01:17 But we know that there’s a problem with this lambda. To get around this, you can define a new method called .__getstate__(). So with two underscores, type in __getstate__(), and this will also take self. And here you want to take the properties to be serialized and return them.

01:33 You can say something like attributes and set this equal to self, and then access this .__dict__ property, and from .__dict__ call the .copy() method.

01:43 In its default behavior, pickle is going to look at this self.__dict__ to return all of the data that needs to be serialized. Because the .c property is a lambda function and cannot be serialized, you can delete that. So say del, go to attributes, and get rid of 'c' like so.

02:02 And then now you can return attributes. To see how this works, go ahead and make an instance of the foobar class,

02:12 set this equal to foobar(). Now my_pickle_string is going to equal pickle, and you’ll dump a string and pass in the foobar instance. Now you can go ahead and deserialize it, so say my_new_instance and set this equal to pickle, and this time you’ll load from a string and pass in my_pickle_string.

02:39 And to see what this looks like, go ahead and print my_new_instance and access .__dict__ off of it. Okay! Before running this, let’s go ahead and take a look at what happened here.

02:51 You’ve defined a new custom class that contains a property that pickle cannot handle.

02:59 You then modified what gets pickled by defining the .__getstate__() method and removing the attribute that pickle can’t handle, and then you return that.

03:09 So if you run this, try and think about what you expect to see. I’m going to save it, and then I’m going to run python custom_pickling.py. And like you may have expected, you can see that the 'a' property and the 'b' property made it over. The 'c' property that contained the lambda function is nowhere to be found. So while this works, you did lose a pretty significant part of your custom class, and if you don’t want this to happen, you can get around this by reinitializing the property with the .__setstate__() dunder method. If this is present, this method is called when deserializing the object and can modify what comes out. So going back to your custom class,

03:51 go ahead and define a new method called .__setstate__(),

03:58 which will take self and state.

04:03 Inside here, you’ll define self.__dict__ and set this equal to state, and now you can reinitialize that property by saying self.c is equal to the lambda expression that you defined earlier, so x is x * x.

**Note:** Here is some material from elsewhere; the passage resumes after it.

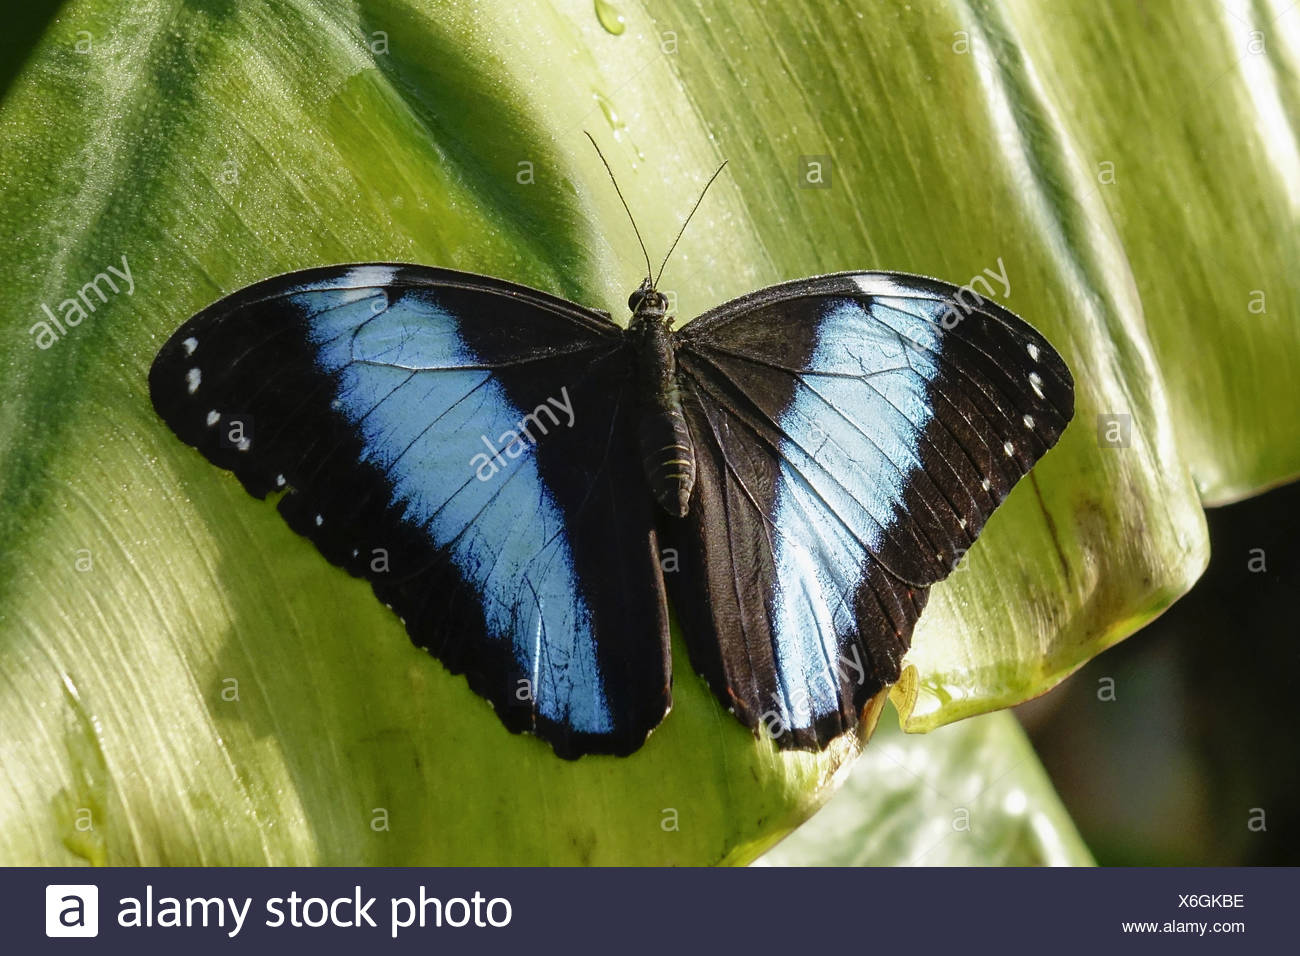 Tropischer Schmetterling, Blauer Morphofalter (Morpho peleides) Stock Photo
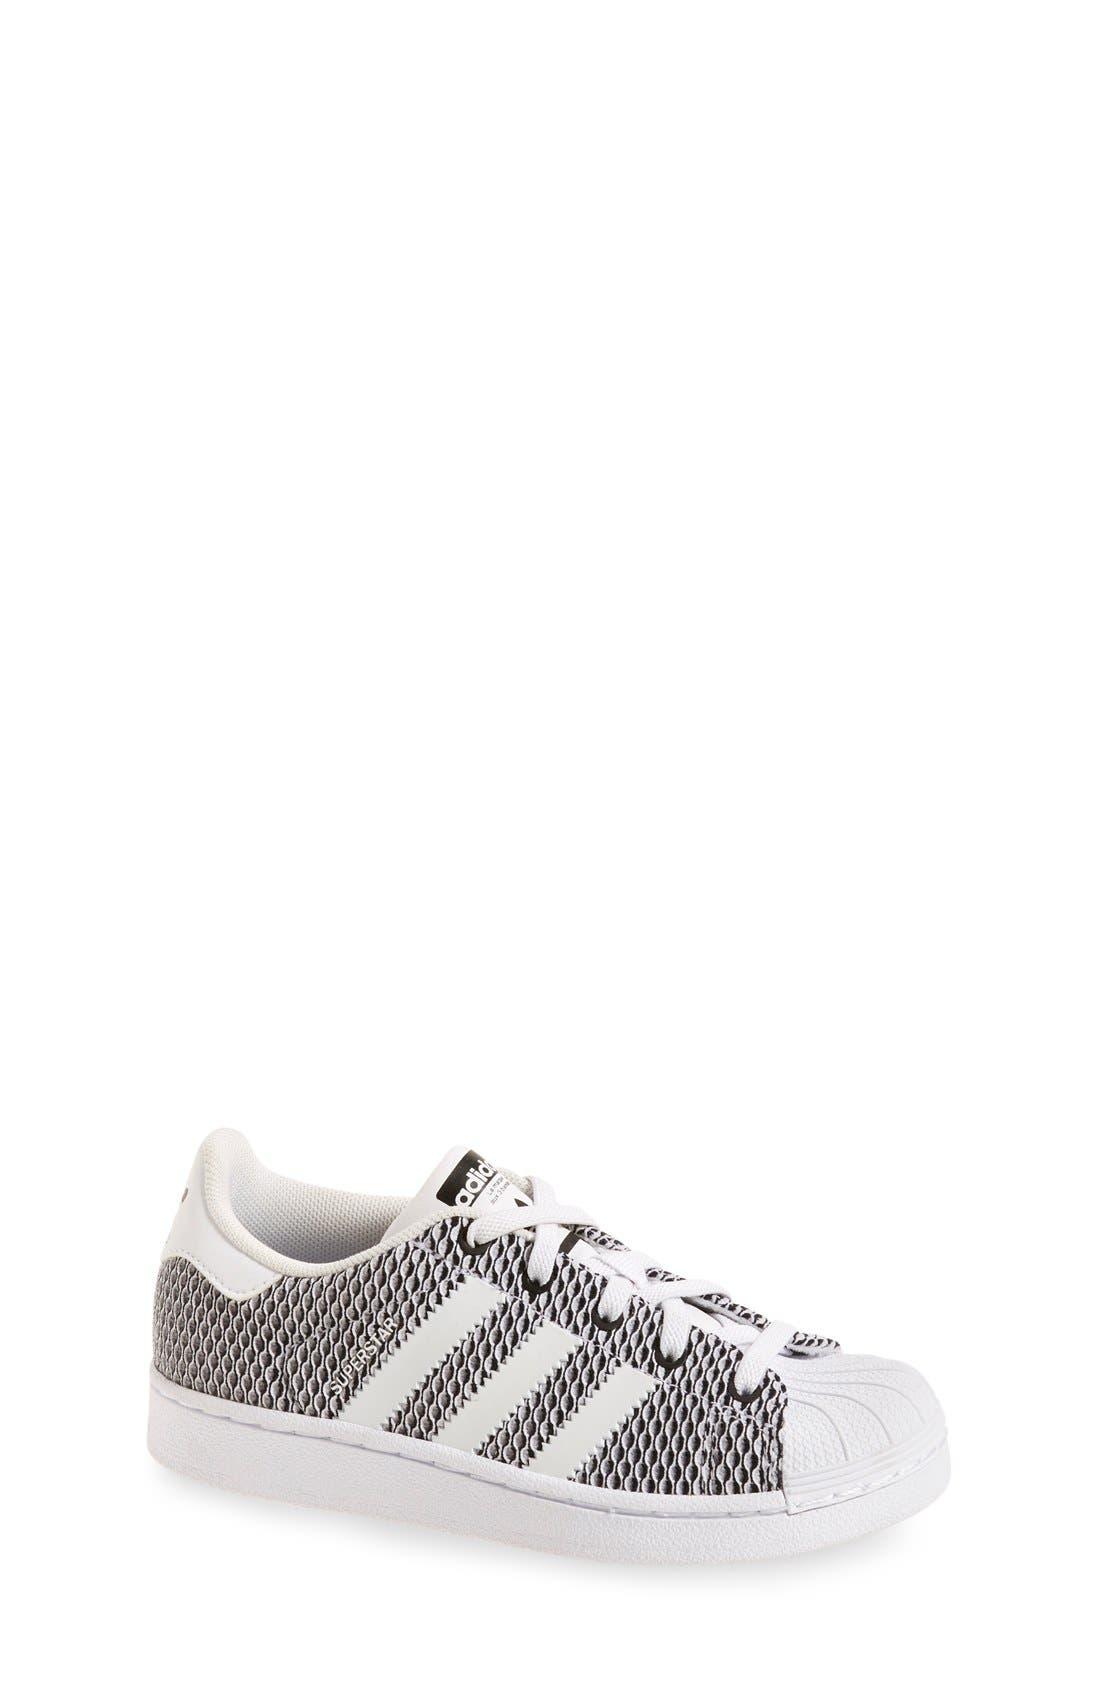 'Superstar - Color Shift' Sneaker,                             Main thumbnail 1, color,                             001

04:21 So now this method will be serialized with the custom class so when you deserialize it, it’s called. So state here will return the .a and .b properties, and then you’ve re-added .c right here.

04:36 So let’s save this and see what comes out! Okay. So you can see you still have the 'a' and 'b' properties, and now you have 'c', which is representing this function over here.

04:50 This may seem strange with how you can’t save a lambda function as a property of a custom class, but you can save it by reinitializing it when you deserialize it, and one way to think about this is that pickle doesn’t know how to handle the lambda expression itself, but it can handle the instructions on how to redefine that lambda expression.

05:11 Now keep in mind, because this method is run every time this is deserialized, there are some security concerns here because you’re running code. So go ahead and add in a print() statement here, like 'I am deserializing', and then save it and rerun it.

05:28 And you’ll see that when running the script, I am deserializing printed out. So anything that gets put into the .__setstate__() method is executed by whatever is deserializing it.

05:38 We’ll talk about this in a little bit more detail in a later lesson. So anyway, you should have a pretty good idea on how you can get around some of these unserializable data types by using the .__getstate__() and .__setstate__() methods. In the next video, you’re going to see how you can compress your serialized output when using pickle.